--- Task item ---
Begin at the line containing "Labrazel Ovate Eggshell Tray In Ivory/white" and restate it and each line after it exactly, up to and including the last line below. Leave pictures out.

--- The data ---
- - - - - - -
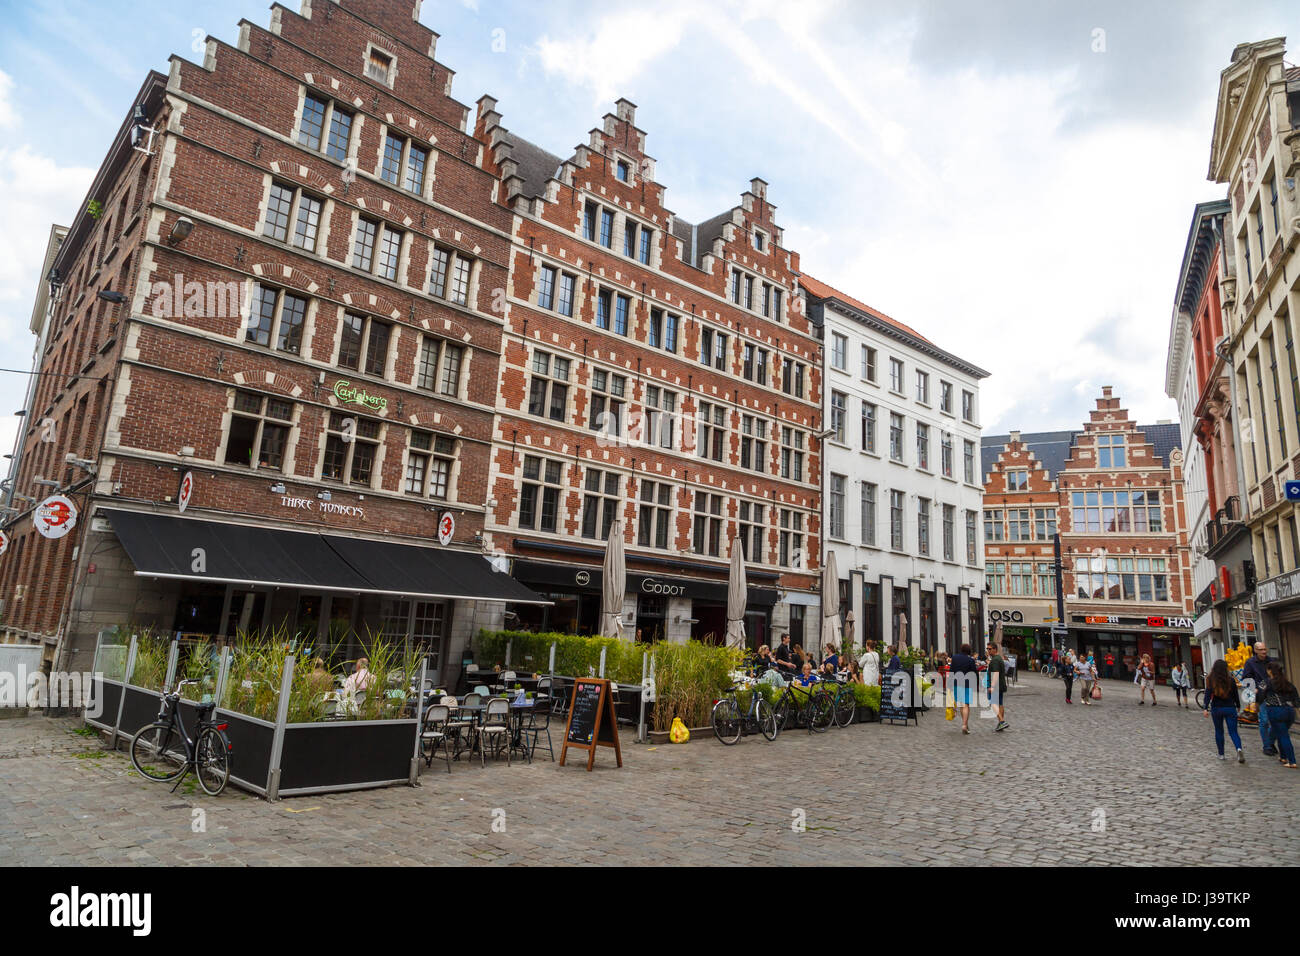 Gand, Belgique - Juillet 6, 2016 Gand : Cité médiévale avec des rues et bâtiments colorés. Gent est populaire en Belgique. Banque D'Images
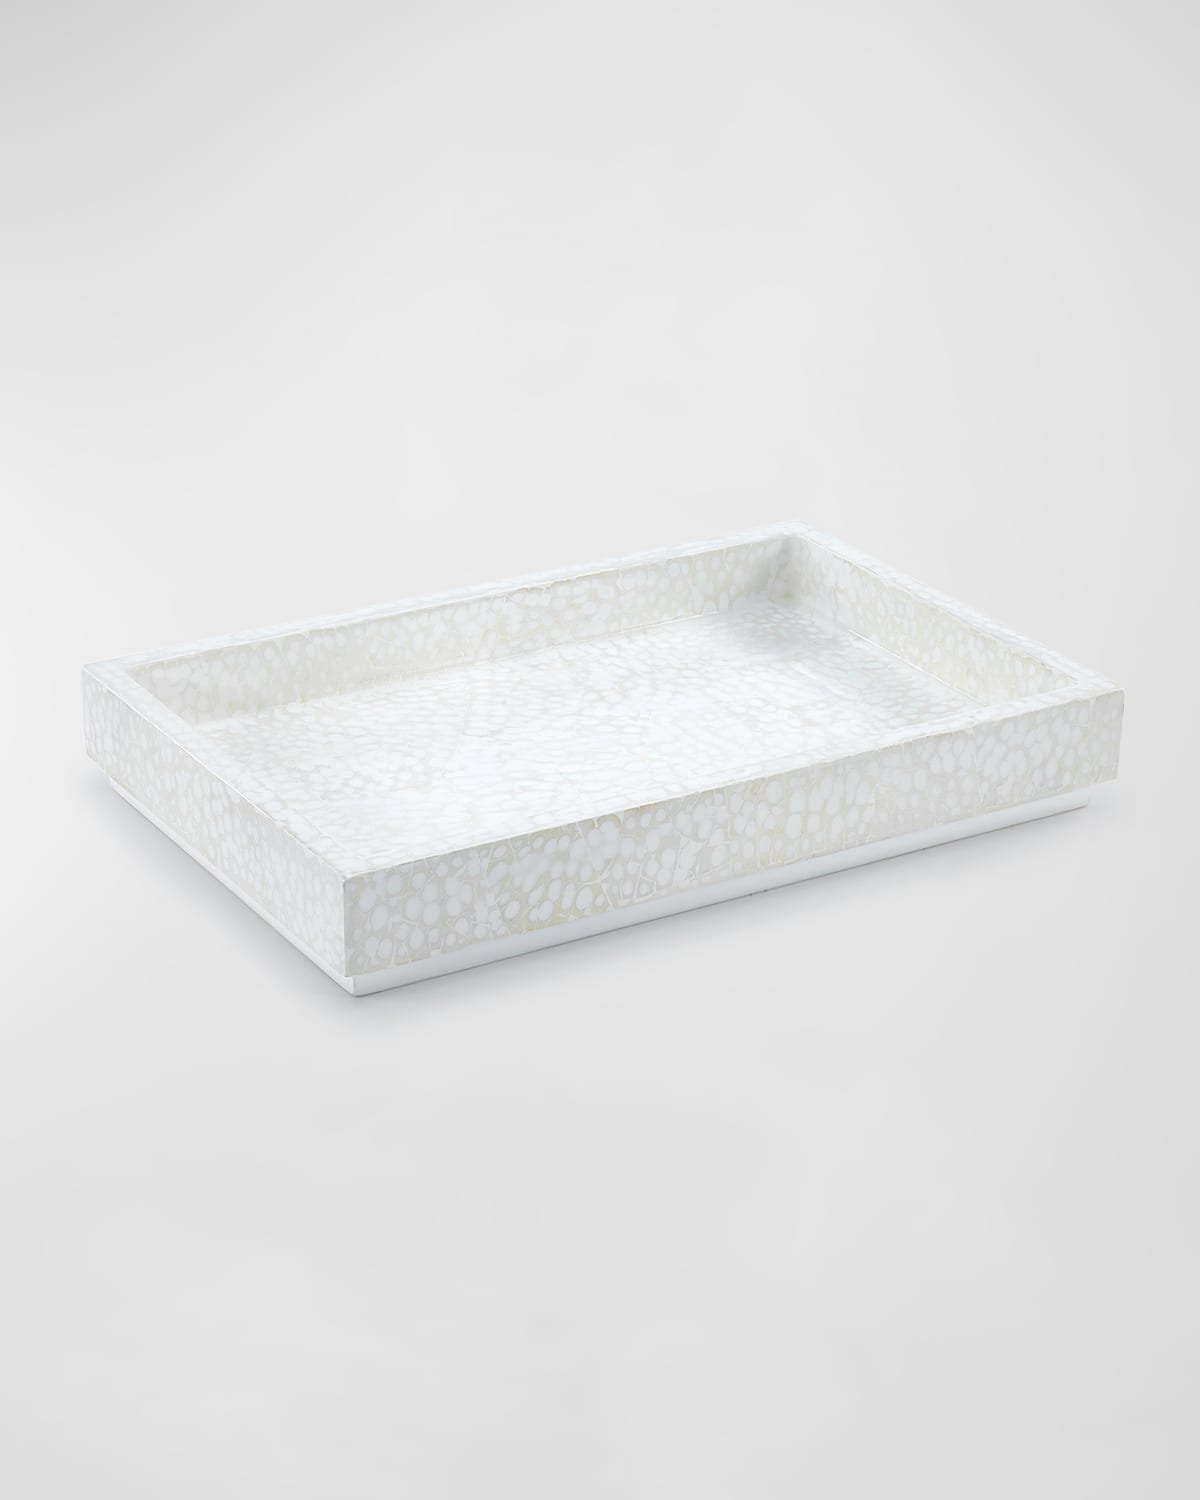 Labrazel Ovate Eggshell Tray In Ivory/white
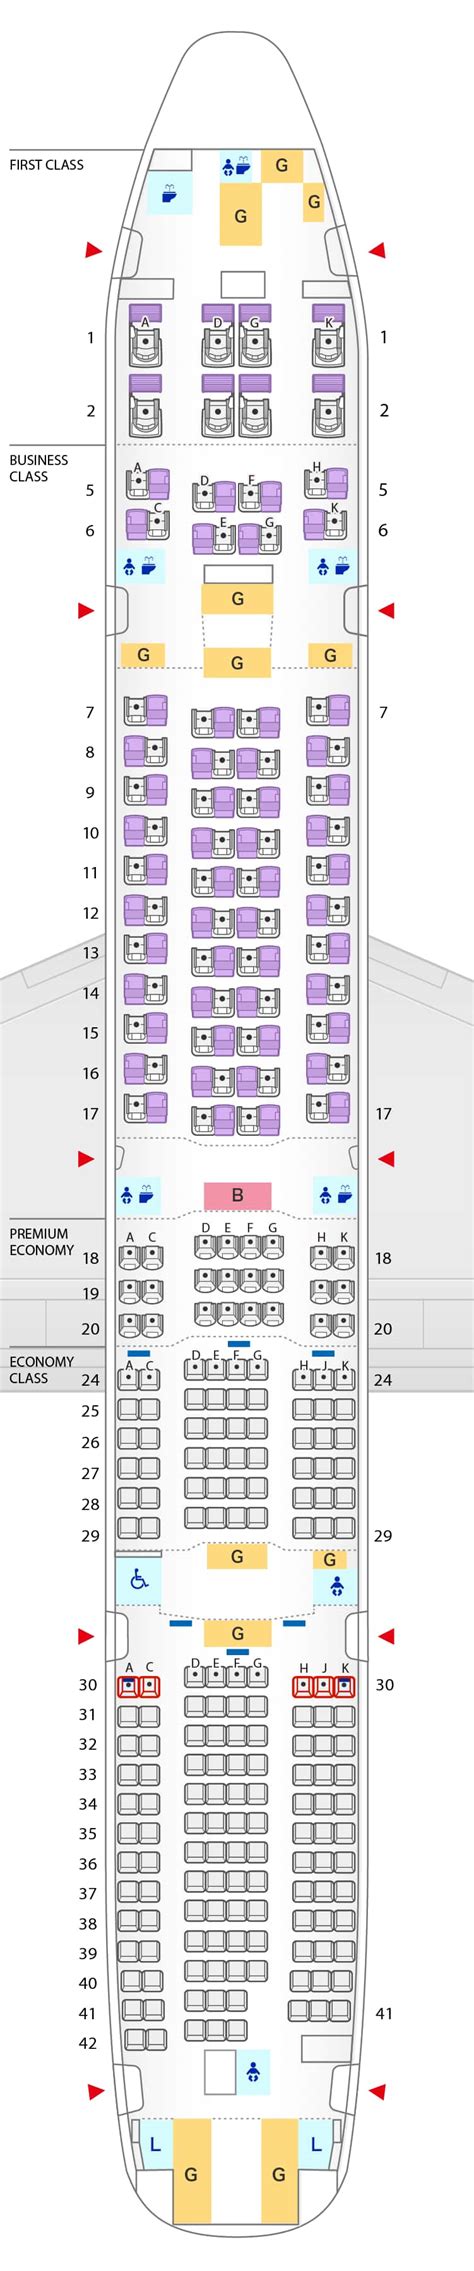 More Delta Air Lines Seat Maps. Delta Air Lines MD90. Delta Air Lin
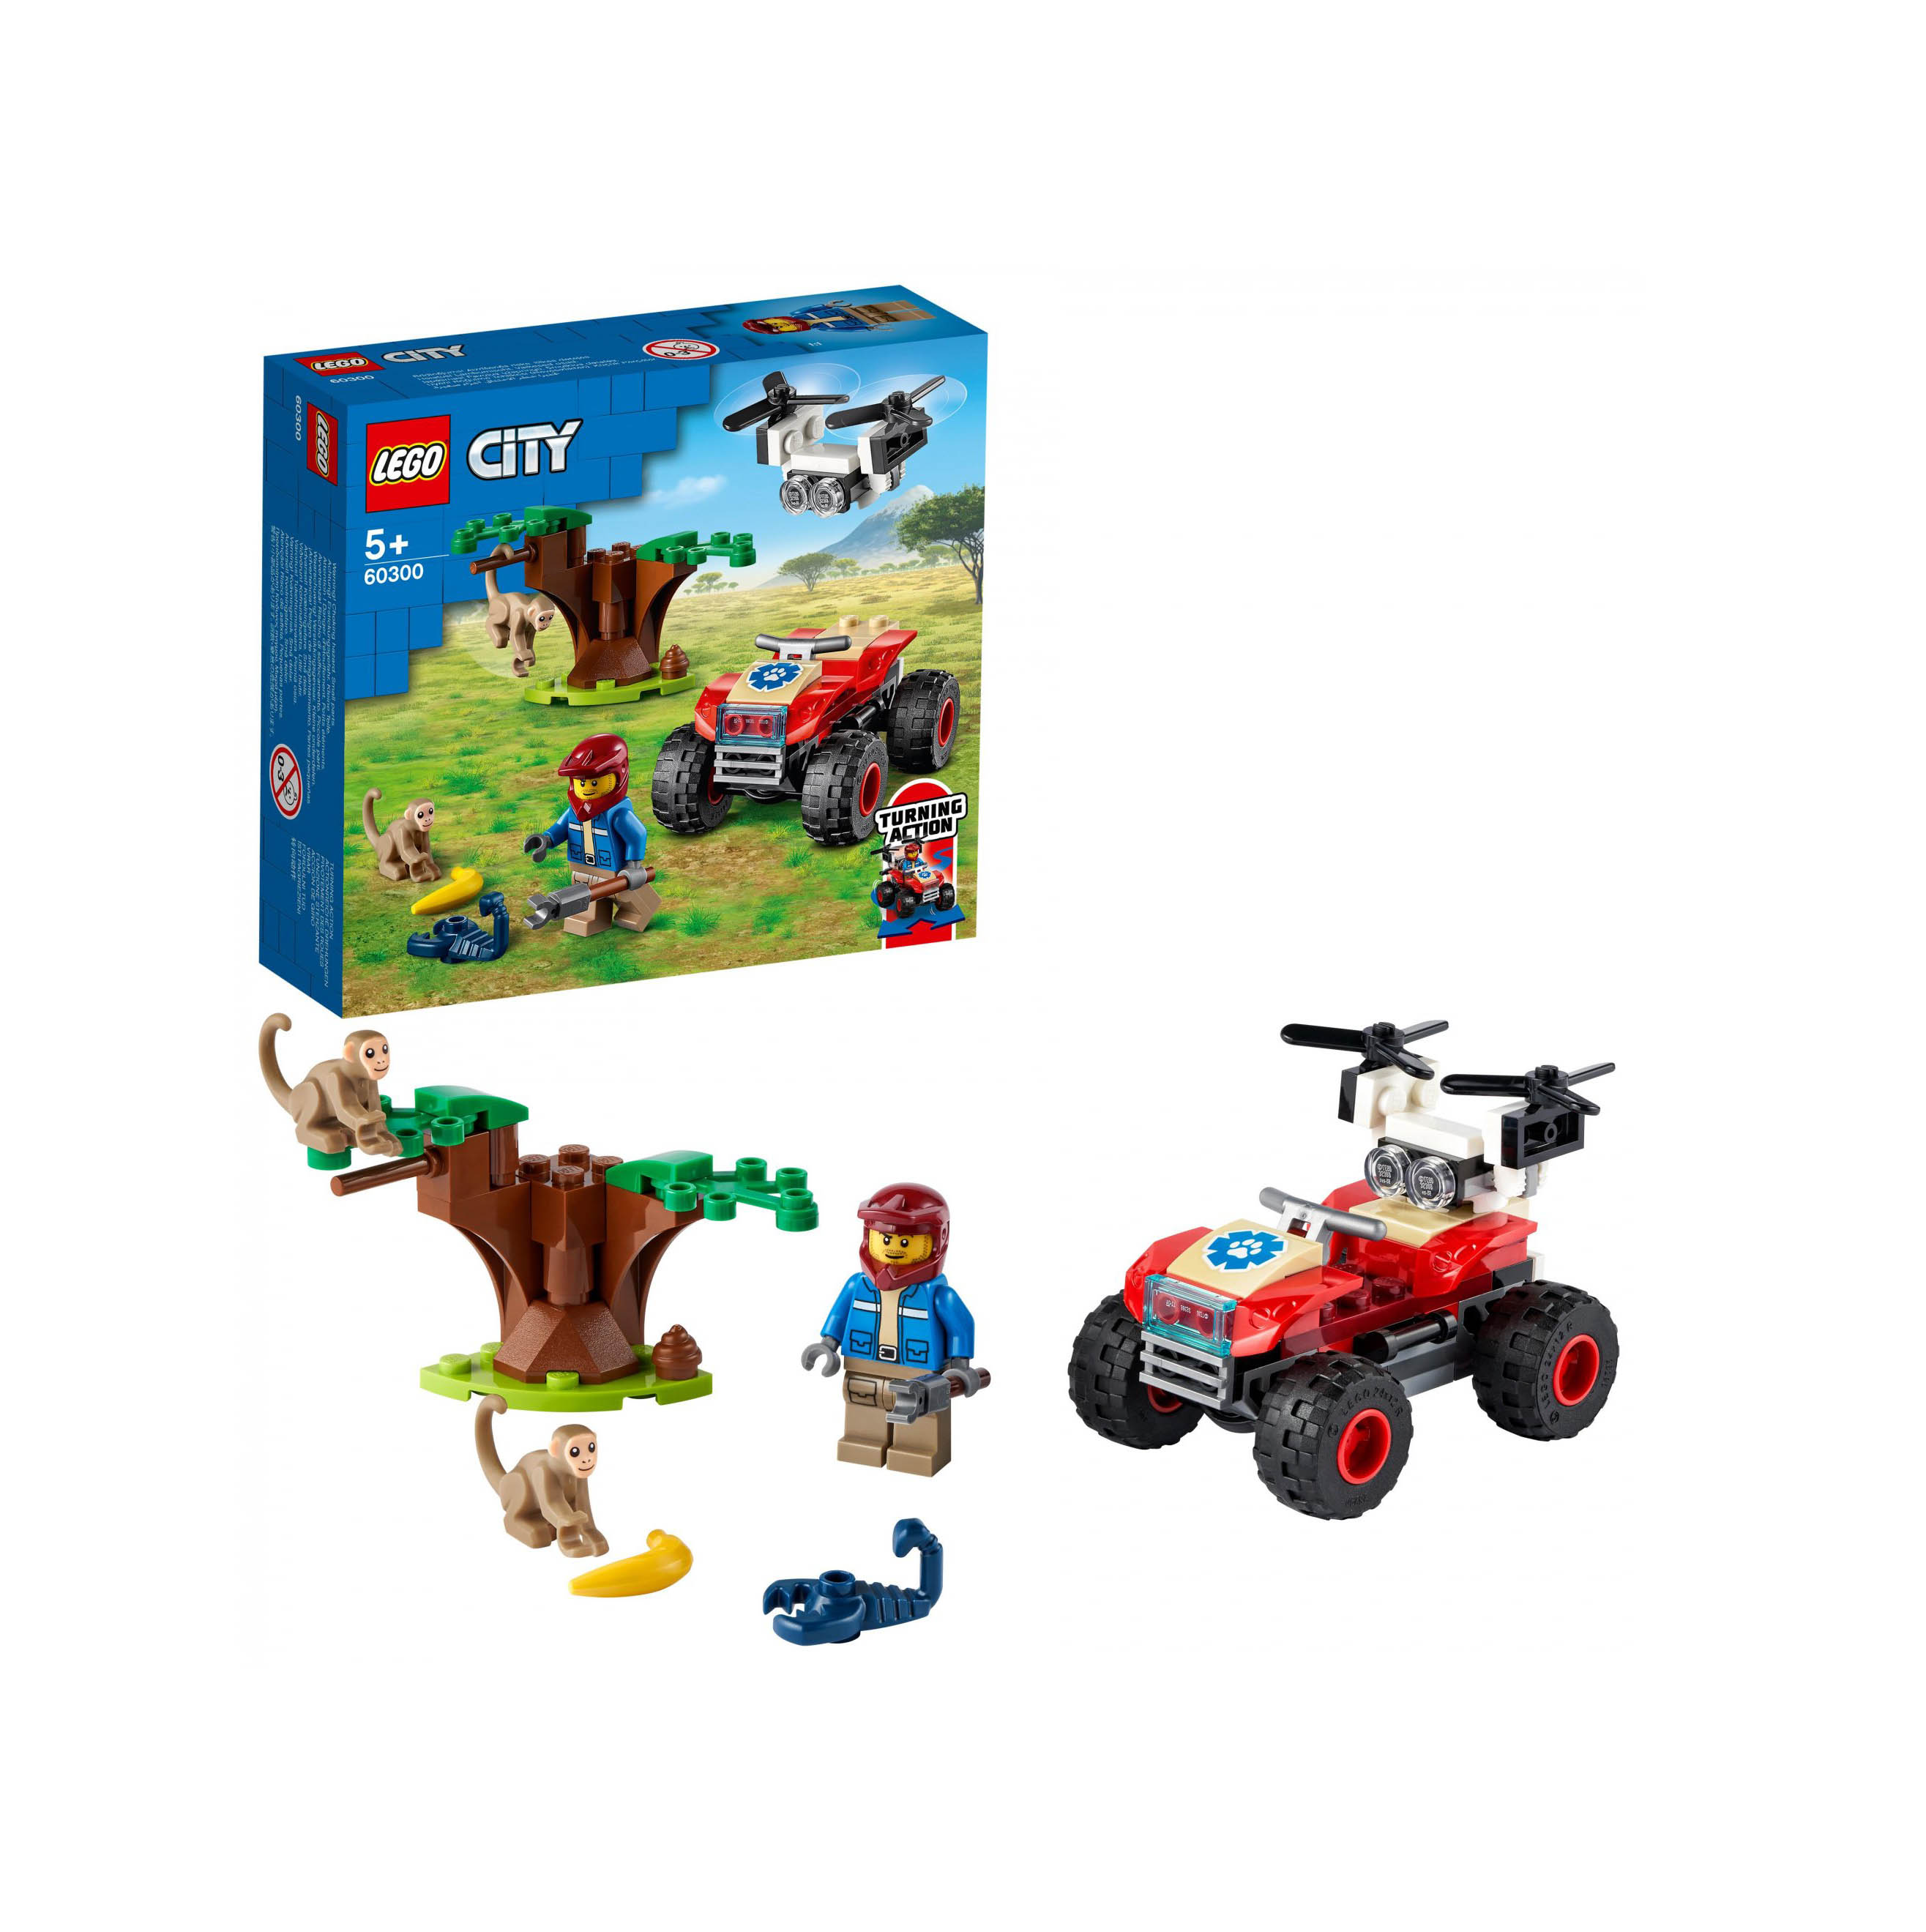 LEGO City Wildlife ATV di Soccorso Animale, Giocattoli per Bambini di 5 Anni con 60300, , large
- - - - - - -
--- Task result ---
 Labrazel Ovate Eggshell Tray In Ivory/white
 More Delta Air Lines Seat Maps. Delta Air Lines MD90. Delta Air Lin
 LEGO City Wildlife ATV di Soccorso Animale, Giocattoli per Bambini di 5 Anni con 60300, , large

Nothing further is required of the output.